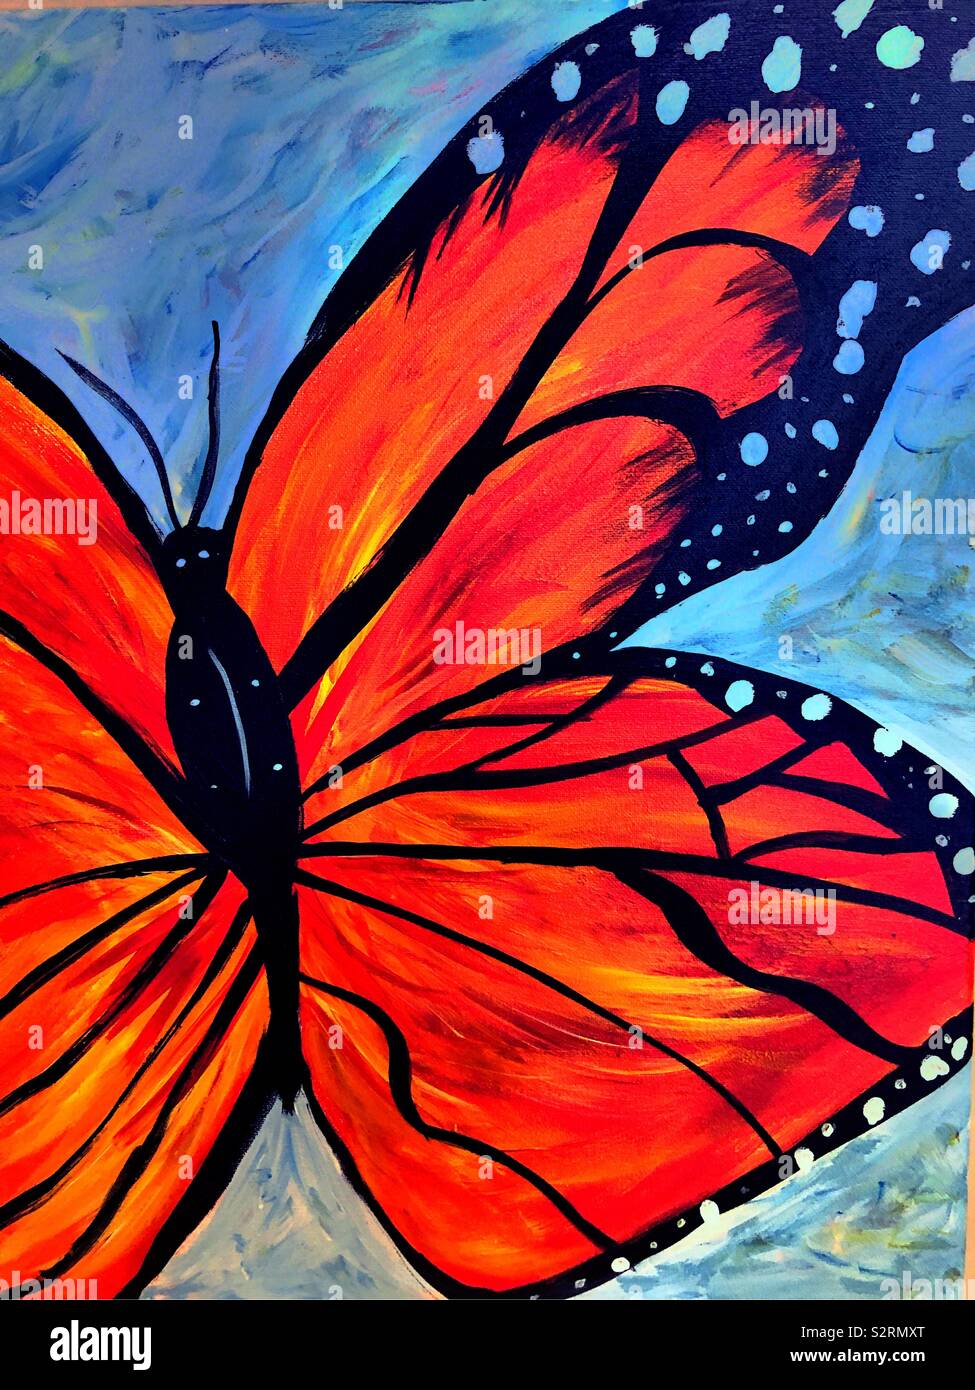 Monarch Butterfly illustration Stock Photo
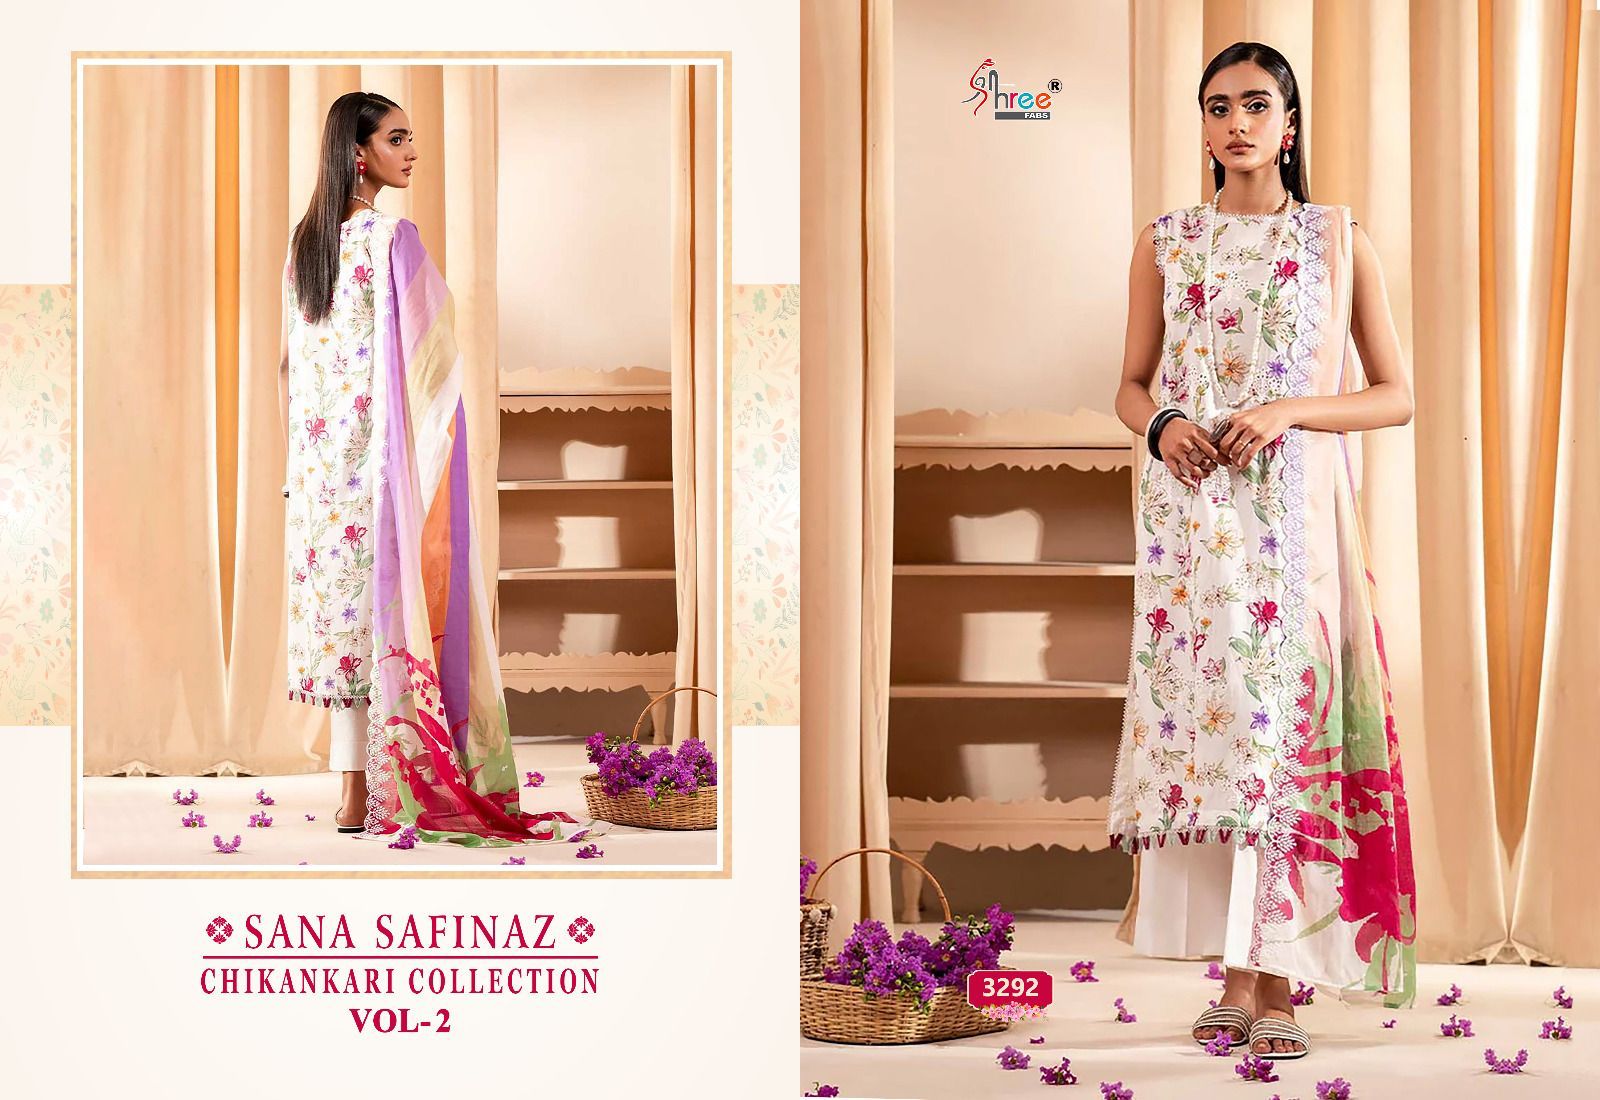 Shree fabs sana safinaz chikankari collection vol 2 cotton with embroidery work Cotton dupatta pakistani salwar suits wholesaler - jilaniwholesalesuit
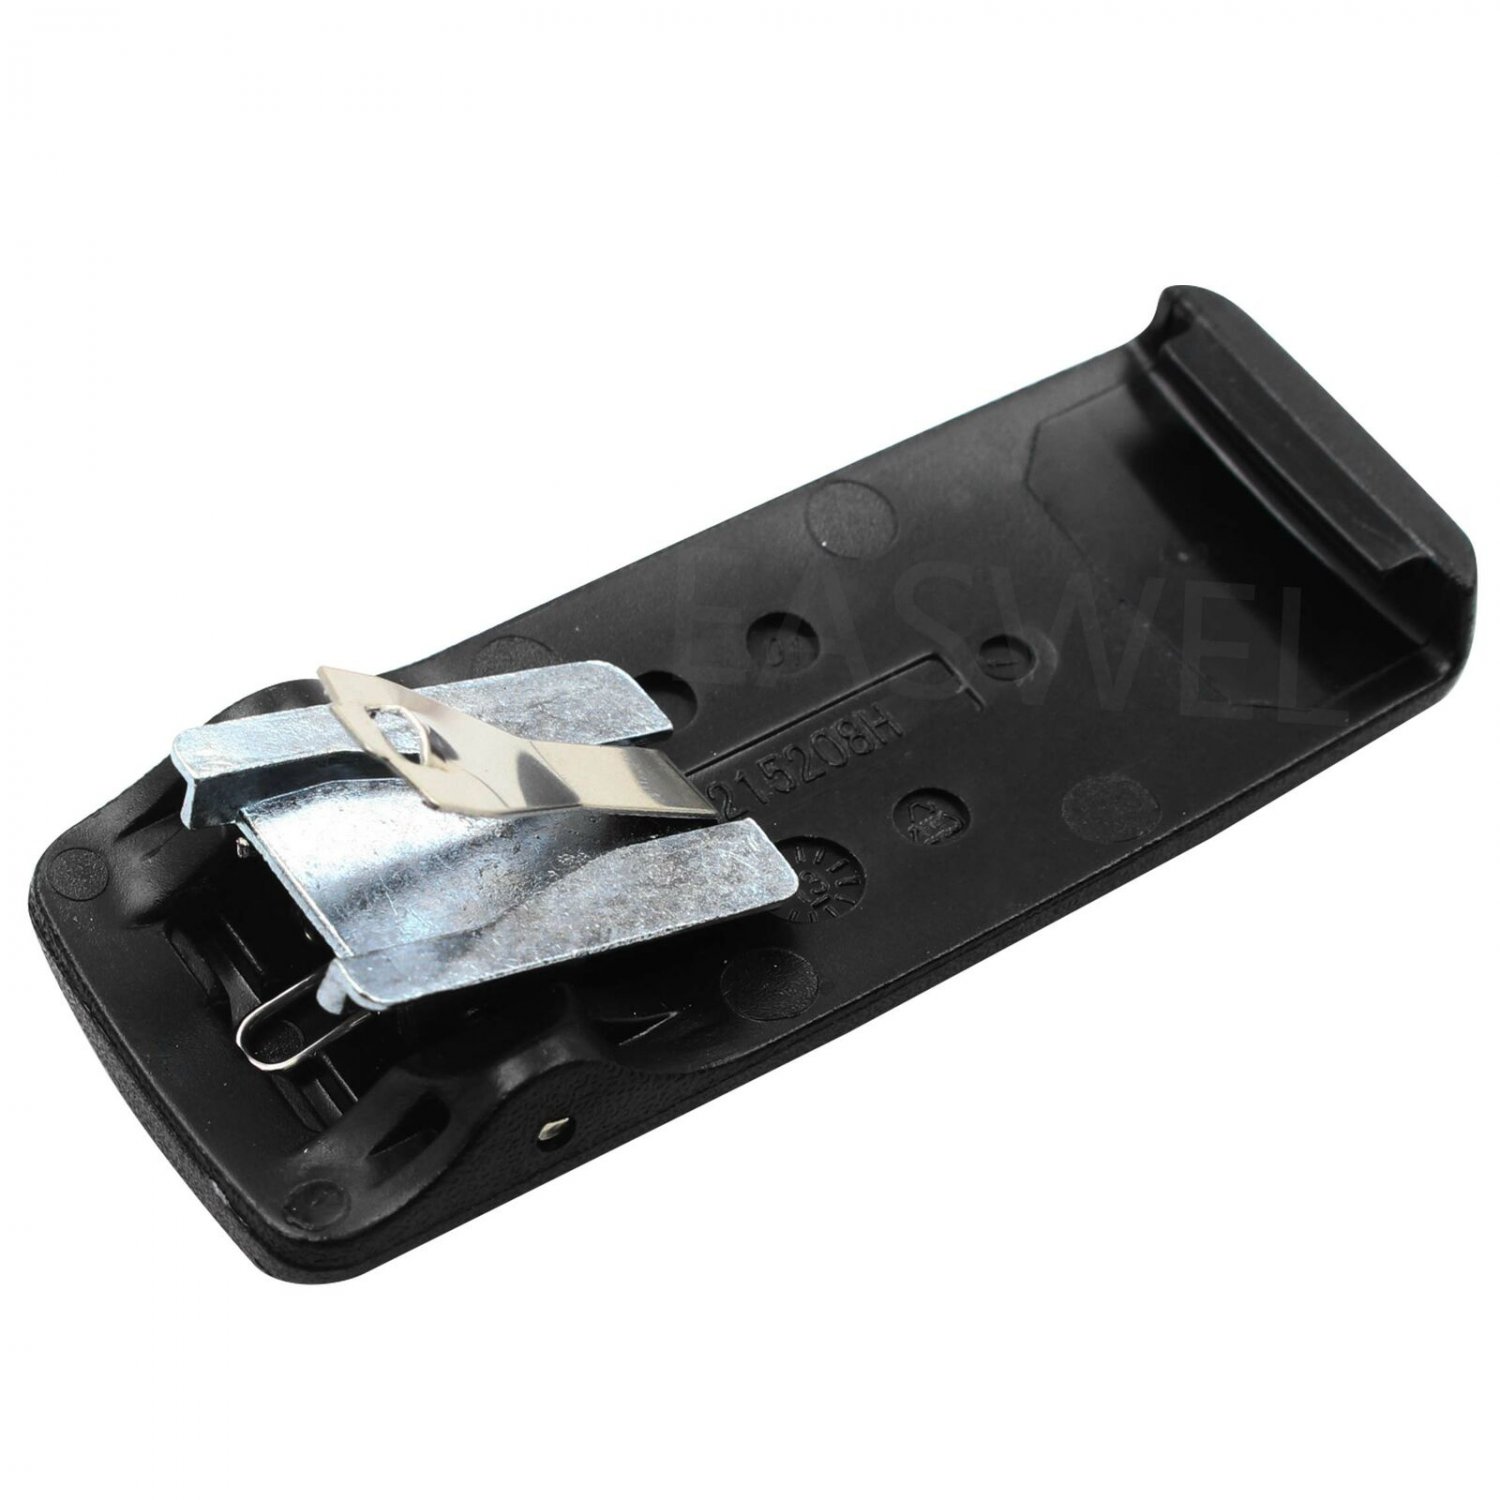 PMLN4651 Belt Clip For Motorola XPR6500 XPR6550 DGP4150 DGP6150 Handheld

=====

Task details: Print the preceding material over again exactly. Please leave the pictures out.

Solution:
 Monarch Butterfly illustration Stock Photo
 Shree fabs sana safinaz chikankari collection vol 2 cotton with embroidery work Cotton dupatta pakistani salwar suits wholesaler - jilaniwholesalesuit
 PMLN4651 Belt Clip For Motorola XPR6500 XPR6550 DGP4150 DGP6150 Handheld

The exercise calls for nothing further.